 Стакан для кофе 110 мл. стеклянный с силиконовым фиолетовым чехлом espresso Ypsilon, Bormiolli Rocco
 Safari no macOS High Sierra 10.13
* * *
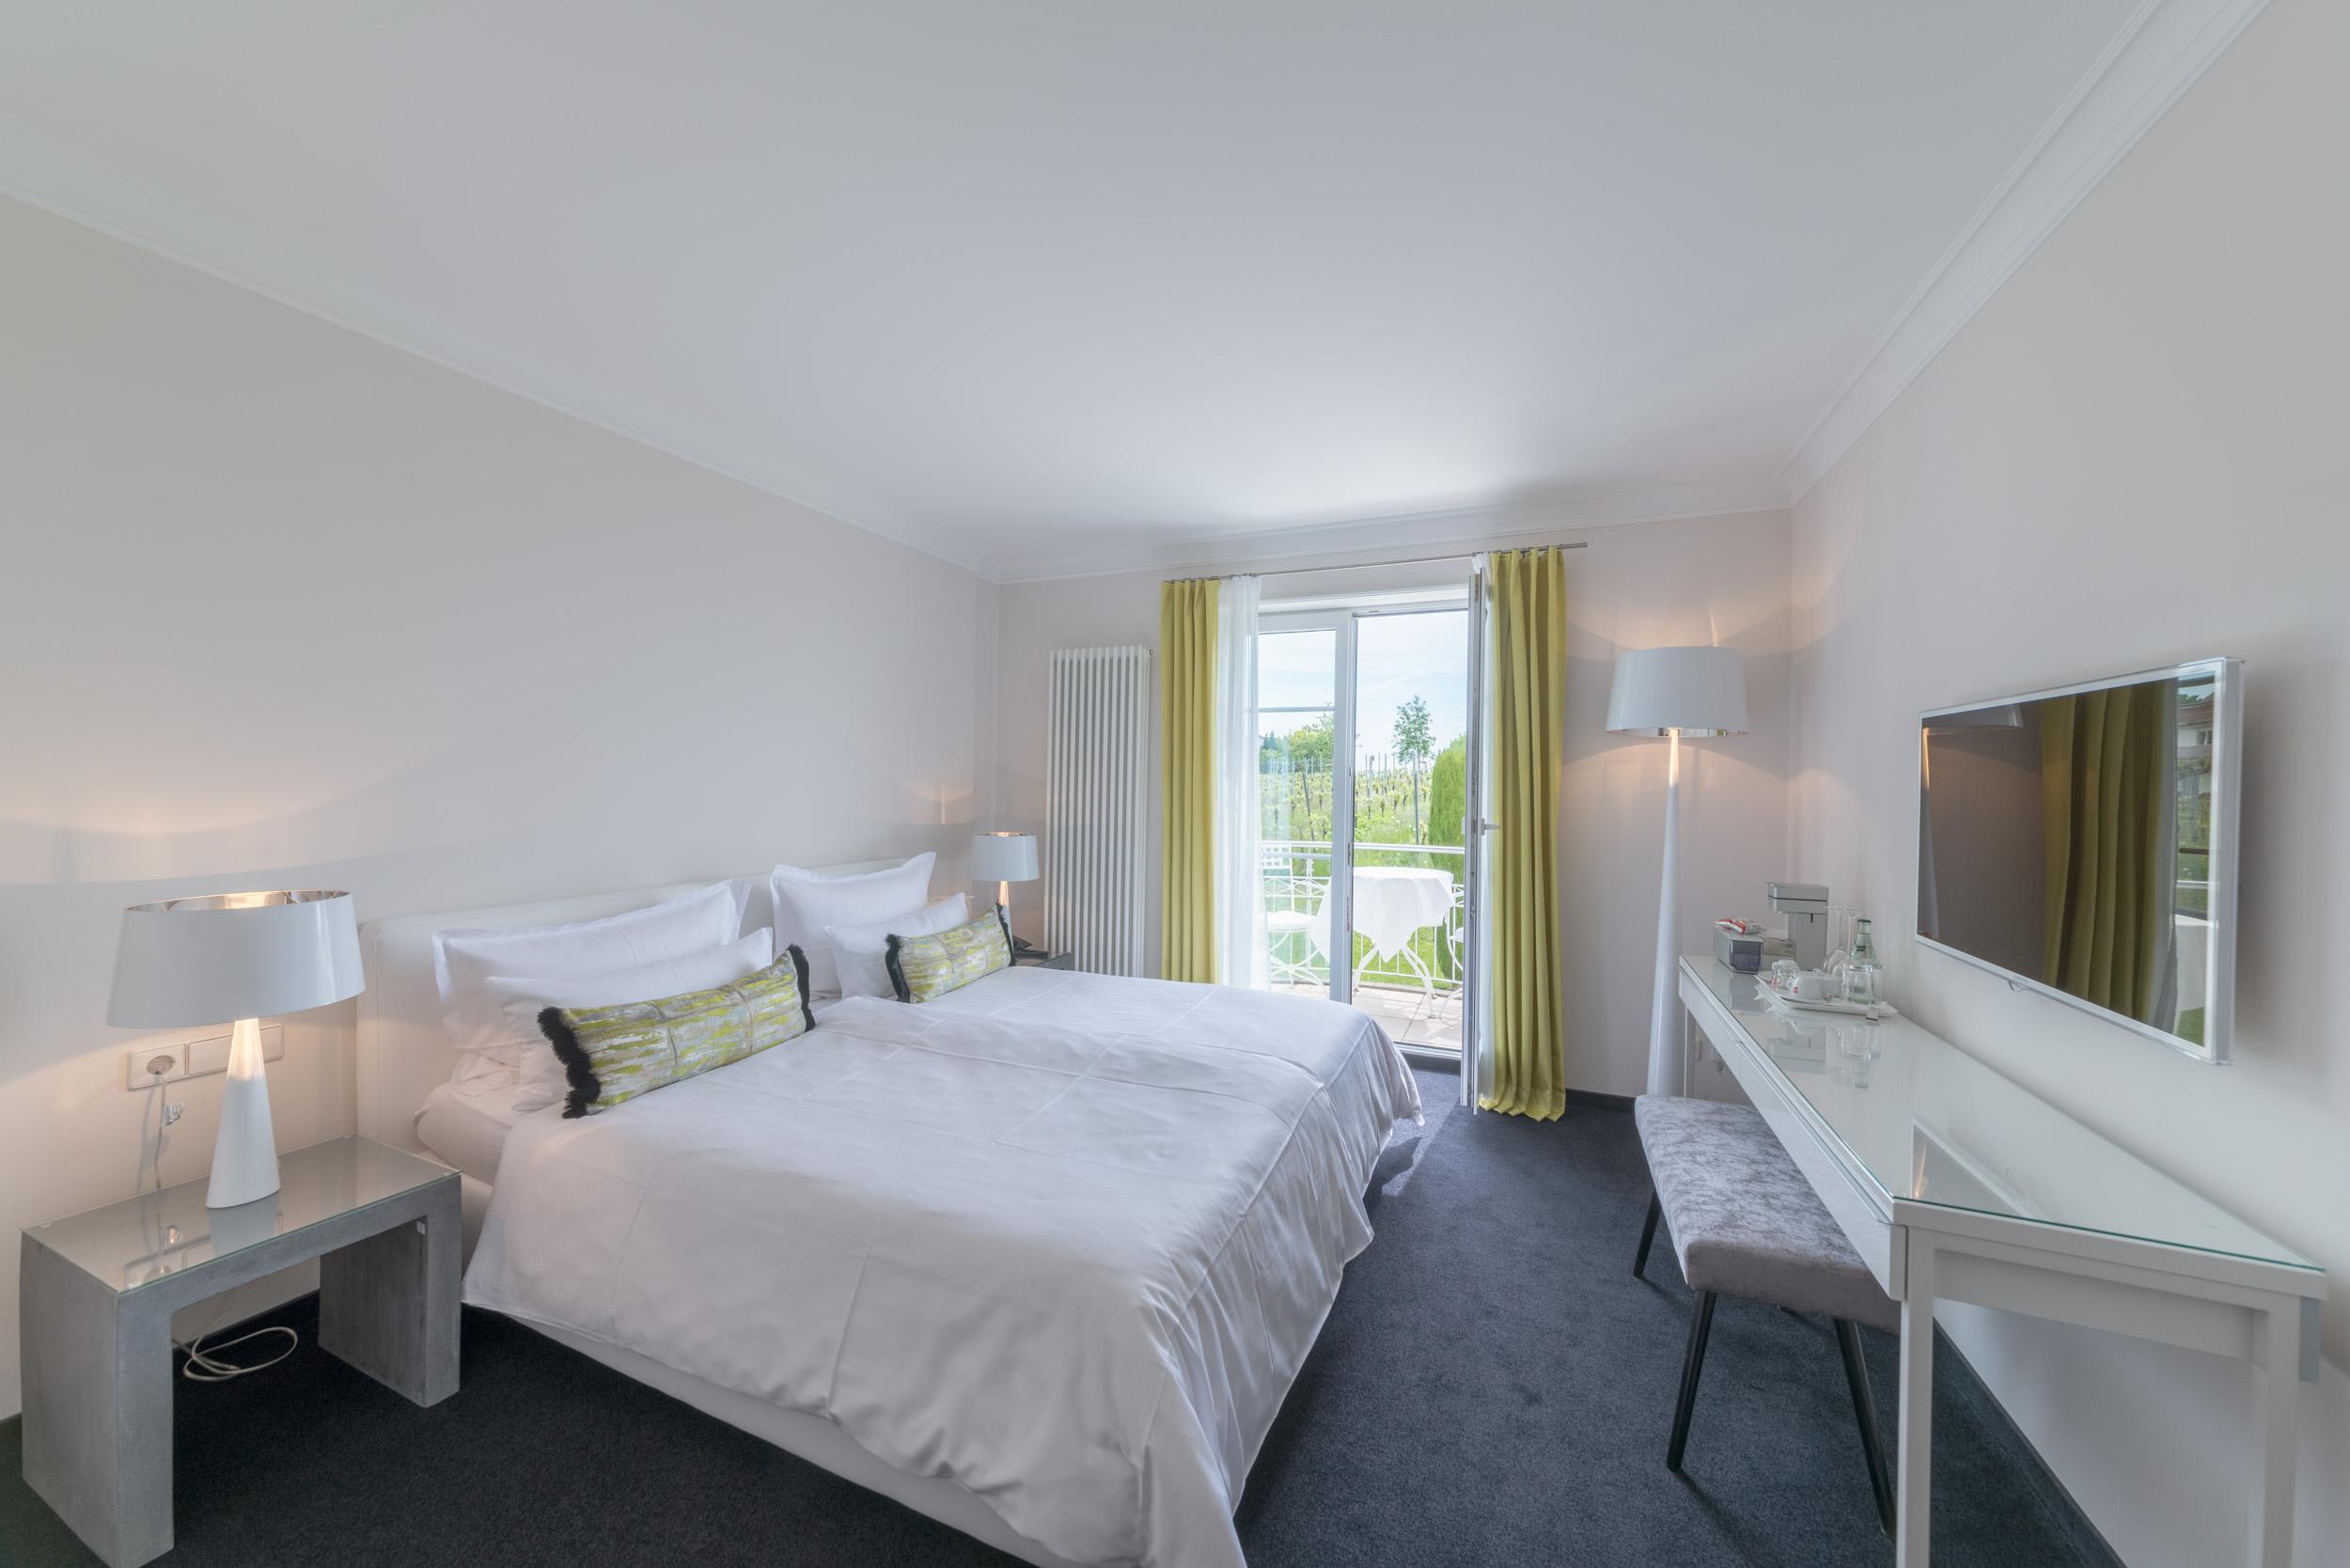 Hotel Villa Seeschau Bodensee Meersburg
---
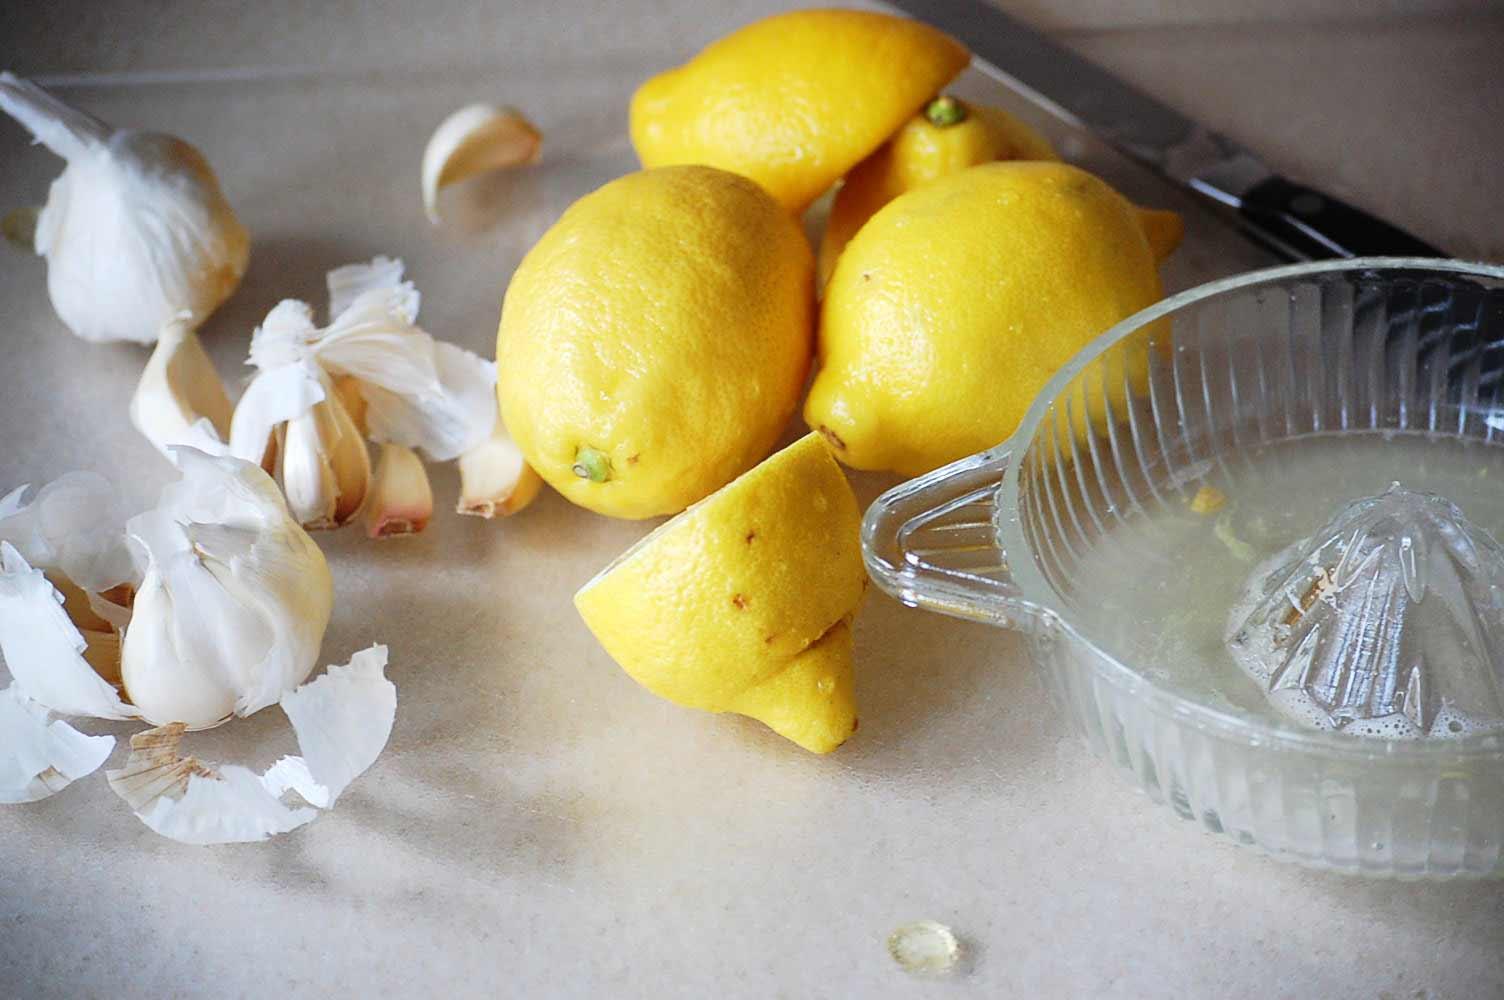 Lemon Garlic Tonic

■ Exercise instructions ■
When you reach the line holding "Стакан для кофе" in the records above, begin reproducing exactly, stop after the line holding "Safari no macOS High Sierra 10.13", and output nothing else.

■ Exercise response ■
 Стакан для кофе 110 мл. стеклянный с силиконовым фиолетовым чехлом espresso Ypsilon, Bormiolli Rocco
 Safari no macOS High Sierra 10.13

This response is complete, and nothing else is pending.